Announcing BixBench: A Benchmark to Evaluate AI Agents on Bioinformatics Tasks

Research
by 
Ludovico Mitchener
Jon Laurent
Geemi Wellawatte

Share to:

Mar 4, 2025

Artificial Intelligence (AI) is changing scientific research at a rapid pace and is beginning to enable the automation of complex analytical tasks. However, despite these advances in AI systems for scientific discovery, achieving full autonomy in research remains a challenge. One of the most promising fields for AI-driven automation is bioinformatics, where data-focused research lends itself to purely computational analysis.

Today, in partnership with ScienceMachine, we introduce BixBench, a benchmark designed to evaluate AI agents on real-world bioinformatics tasks. BixBench challenges AI models with open-ended analytical research scenarios, requiring them to analyze data, generate insights, and interpret results autonomously.

We believe that saturation of BixBench would signify a major breakthrough in AI development for scientific research, and the lackluster results of current model performance on BixBench demonstrate the need for continued development. This benchmark represents our first step in assessing progress in this domain and we intend to continue rapid development over the coming months in both evaluation methods and increasing agent performance.

Read more about the benchmark on ArXiv.

Explore the dataset itself on Huggingface.

Use the evaluation harness on GitHub.

See the agent framework on GitHub.

Why? The Need for a Bioinformatics Benchmark

Modern AI models and agents are commonly evaluated using standardized benchmarks, testing abilities in areas like image recognition and natural language understanding. However, common benchmarks fall short when trying to evaluate progress on complex applied capabilities like scientific reasoning and multi-step analytical workflows. Existing scientific benchmarks, such as LAB-Bench, ChemBench and BioCoder assess AI performance on specific constrained tasks but do not address the truly open-ended nature of real-world scientific inquiry.

This open-ended nature of research makes the creation of meaningful benchmarks for AI progress in these areas particularly difficult.

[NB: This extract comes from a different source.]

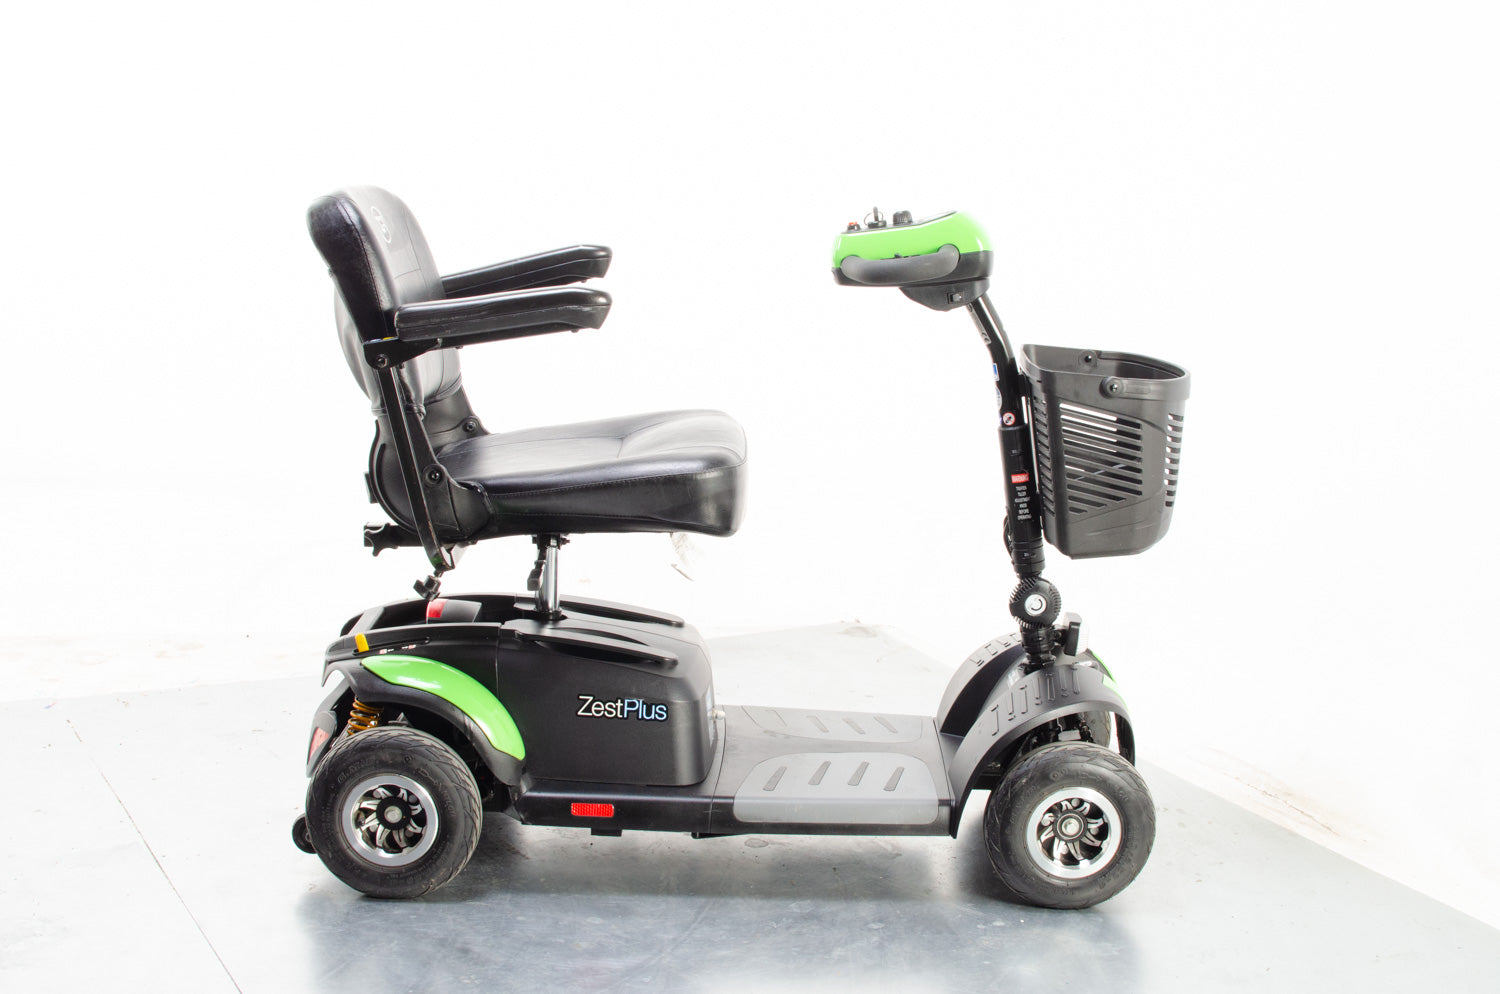 TGA Zest Plus Used Mobility Scooter Transportable Pneumatic Suspension Boot Folding

Bioinformatics and computational biology, importantly, are fields of research that can be divorced from physical lab experiments. This presents an opportunity for more rapid development of both autonomous AI systems for real research as well as benchmarks for measuring and guiding the progress of that development. Many bioinformatics tasks are open-ended and ambiguous, lacking simple optimization metrics. Related benchmarks have been released in adjacent analytical areas, such as DABstep for evaluating AI agents on complex data analysis workflows, focusing on structured and unstructured data reasoning in business and finance applications rather than scientific research.

BixBench addresses this opportunity for a real-world analytical research benchmark by providing a diverse set of 53 analytical scenarios with 296 guiding research questions, paired with heterogeneous input data. This structure simulates the real-life challenges faced by bioinformaticians and computational biologists, making it a unique and valuable benchmark.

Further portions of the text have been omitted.